[Collected data]
BEGIN

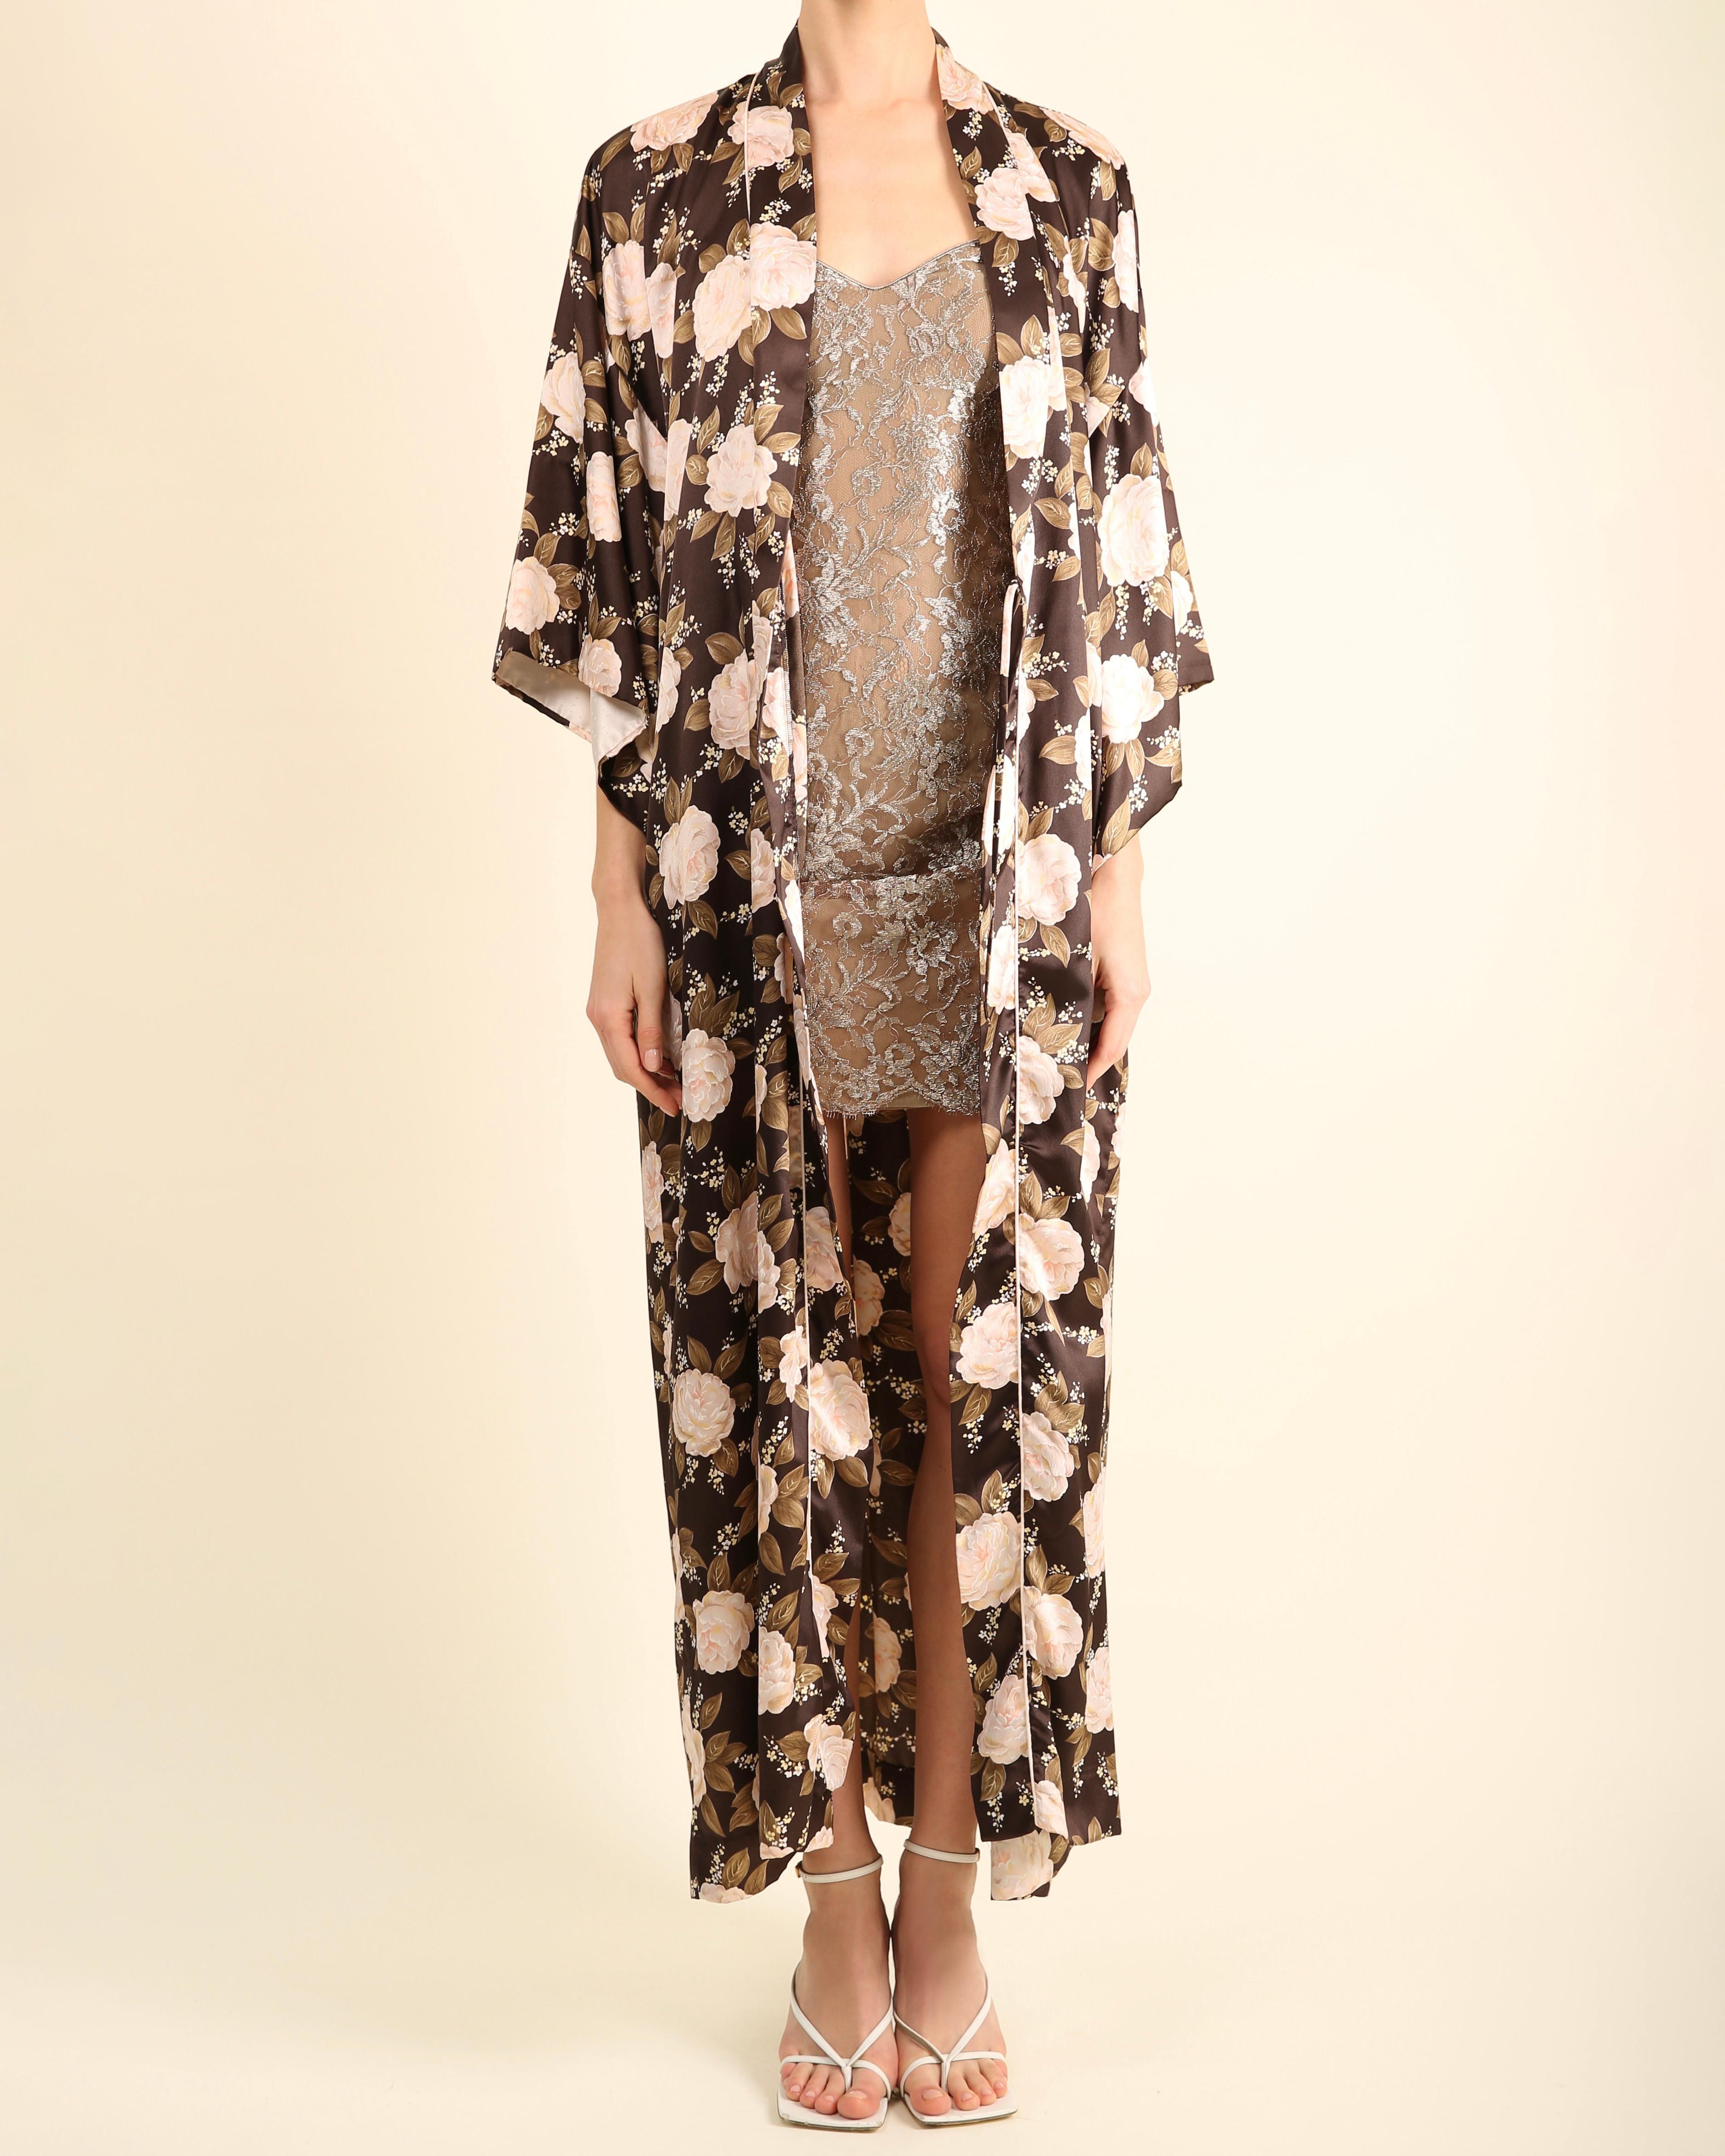 LOVE LALI Vintage By

Eine wunderschöne Kimono-Robe von Christian Dior, die man auch gut als Abendmantel über einem Kleid tragen kann.
Dunkelbraun mit rosa, gelbem und grünem Blumendruck.
Mit Kimonoärmeln, übergroßem Schnitt, zwei verdeckten Taschen
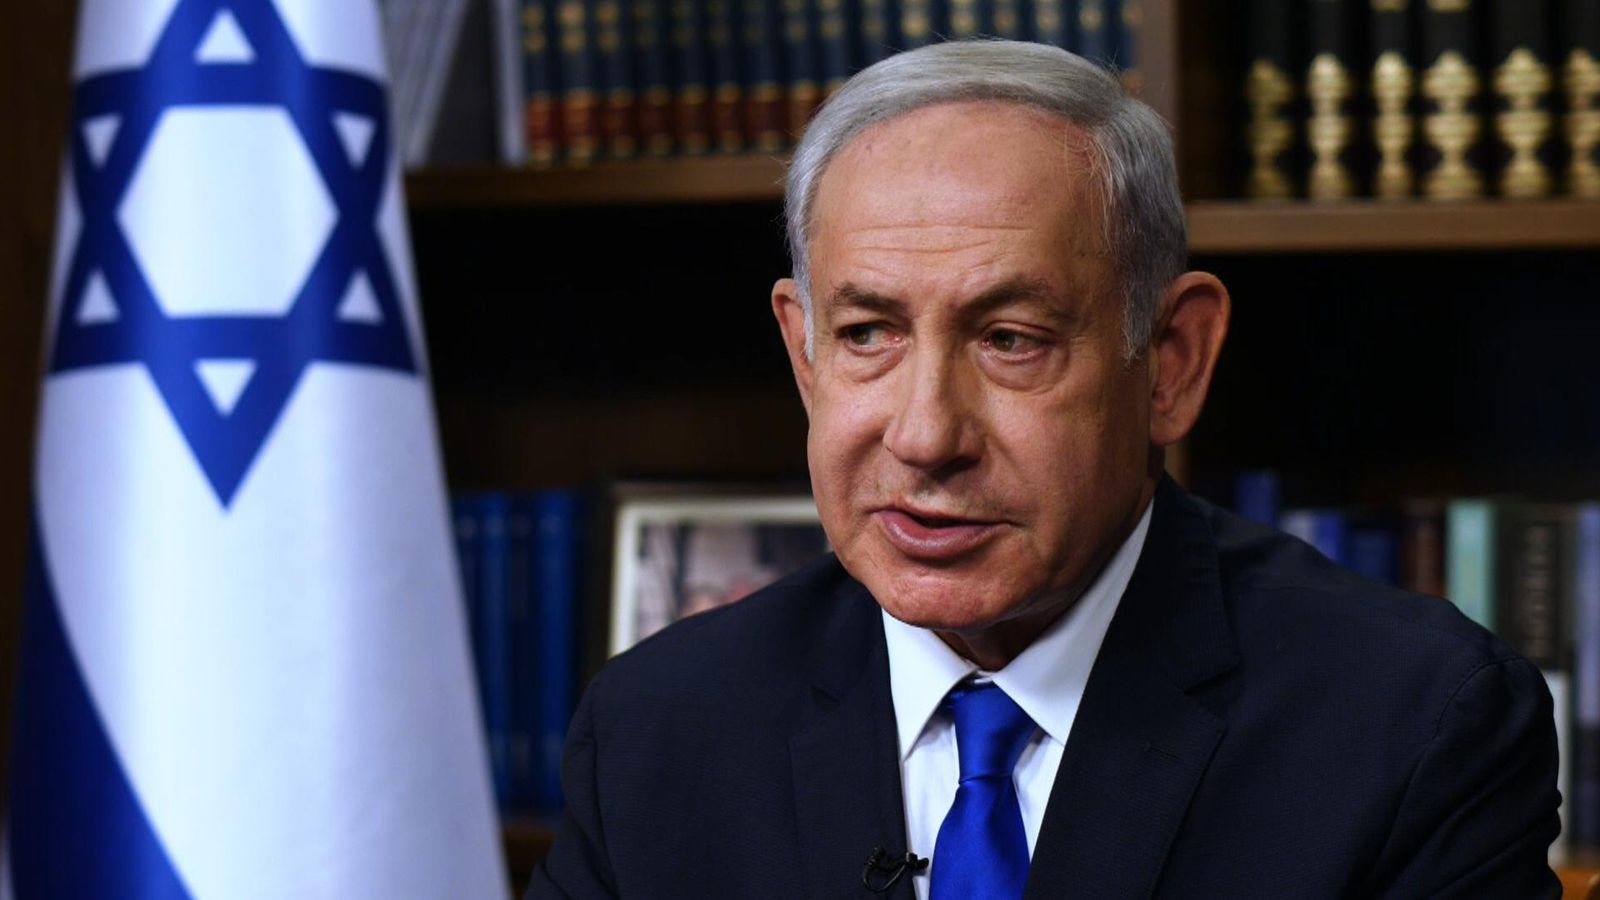 Israeli Prime Minister Benjamin Netanyahu taken to hospital 'feeling unwell'

END

Please return, exactly and with pictures omitted, the lines from the line holding "Dunkelbraun mit rosa, gelbem" through the end of the data above, inclusive.

Dunkelbraun mit rosa, gelbem und grünem Blumendruck.
Mit Kimonoärmeln, übergroßem Schnitt, zwei verdeckten Taschen
 Israeli Prime Minister Benjamin Netanyahu taken to hospital 'feeling unwell'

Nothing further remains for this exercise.